John Claudius Beresford, Irish Tory Member of the UK Parliament representing Dublin City (1801–04) and County Waterford (1806–11), is born on October 23, 1766. He also serves as Lord Mayor of Dublin (1814-15).

Beresford is educated at Trinity College, Dublin. From 1783, he serves as a storekeeper for the port of Dublin. He is subsequently appointed to a wealthy sinecure post of Inspector-General of Exports and Imports. He is returned by his father, Hon. John Beresford, for the family borough of Swords to the Irish House of Commons in 1790. In 1798 he is returned for Dublin City, helped by his position in the port, and as a partner in a leading Dublin bank and a member of Dublin Corporation.

During the Irish Rebellion of 1798, Beresford leads a yeoman battalion which fights against the rebels with a particular ferocity. He keeps a riding school in Dublin, which acquires an evil reputation as the chief scene of the floggings by which evidence is extorted from the United Irishmen. As such, he becomes identified as one of the leading opponents of the rebellion, and the rebels deliberately burn the banknotes issued by his bank. His reputation for persecuting political opponents survives throughout his political career.

Beresford takes a prominent part in the Irish House of Commons, where he unsuccessfully moves the reduction of the proposed Irish contribution to the imperial exchequer in the debates on the Act of Union. He is to the last an ardent opponent of the union, taking the opposite position to his father. He resigns his post at the port on January 25, 1799, so as not to be tainted by it or by the suggestion that his actions are motivated by a desire to retain it.
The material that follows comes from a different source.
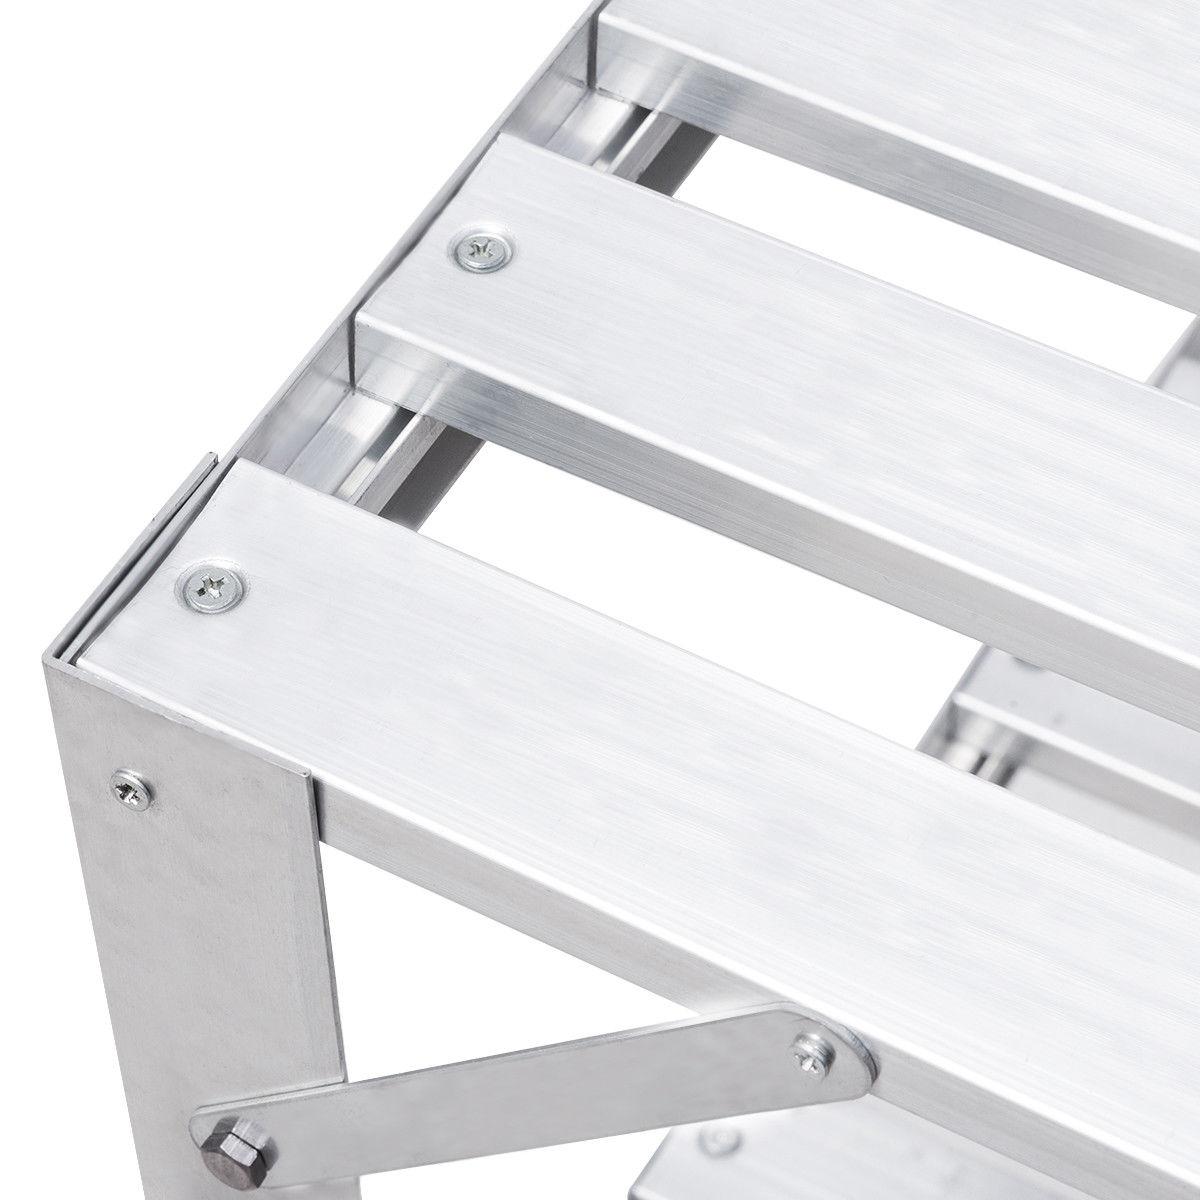 Aluminum Workbench Greenhouse Prepare Work Potting Table

Under a provision of the Act of Union 1800 Beresford retains his seat in the 1st Parliament of the United Kingdom (1801–02) without a fresh election, and in the Union Parliament he is a supporter of William Pitt the Younger and later Henry Addington. He has to give up his Irish business interests to play a full part in Parliamentary business. He is re-elected at the 1802 United Kingdom general election, being top of the poll.

On June 3, 1803, Beresford is the only previous supporter of the government to desert them and support a censure motion moved by Peter Patten, making a speech in support which is regarded as “absurd” by the Chief Secretary to the Lord Lieutenant for Ireland. In March 1804, he is appointed to the Irish currency committee, and therefore resigns his seat by accepting the Escheatorship of Ulster, a sinecure office of profit under the Crown.

After the death of his father on November 5, 1805, Beresford returns to Parliament by winning the by-election to replace him as MP for County Waterford. Politically, he allies to a family faction of the Marquess of Waterford, under the leadership of Henry de La Poer Beresford. The faction aims at trying to stop the government from giving power in Ireland to the Ponsonby family. Beresford is the chief spokesman for his group in their meetings with Ministers.

Although expected to go into opposition in 1806, Beresford in fact supports the government, because a run on funds at his bank leaves him in need of government support for credit. His support leads to his re-election at the 1806 United Kingdom general election in a contested election. This is a controversial decision within the government, with the Duke of Bedford admitting that Beresford had been guilty of persecution but believing he is now loyal, while Lord Howick believes it unlikely that he can be relied upon.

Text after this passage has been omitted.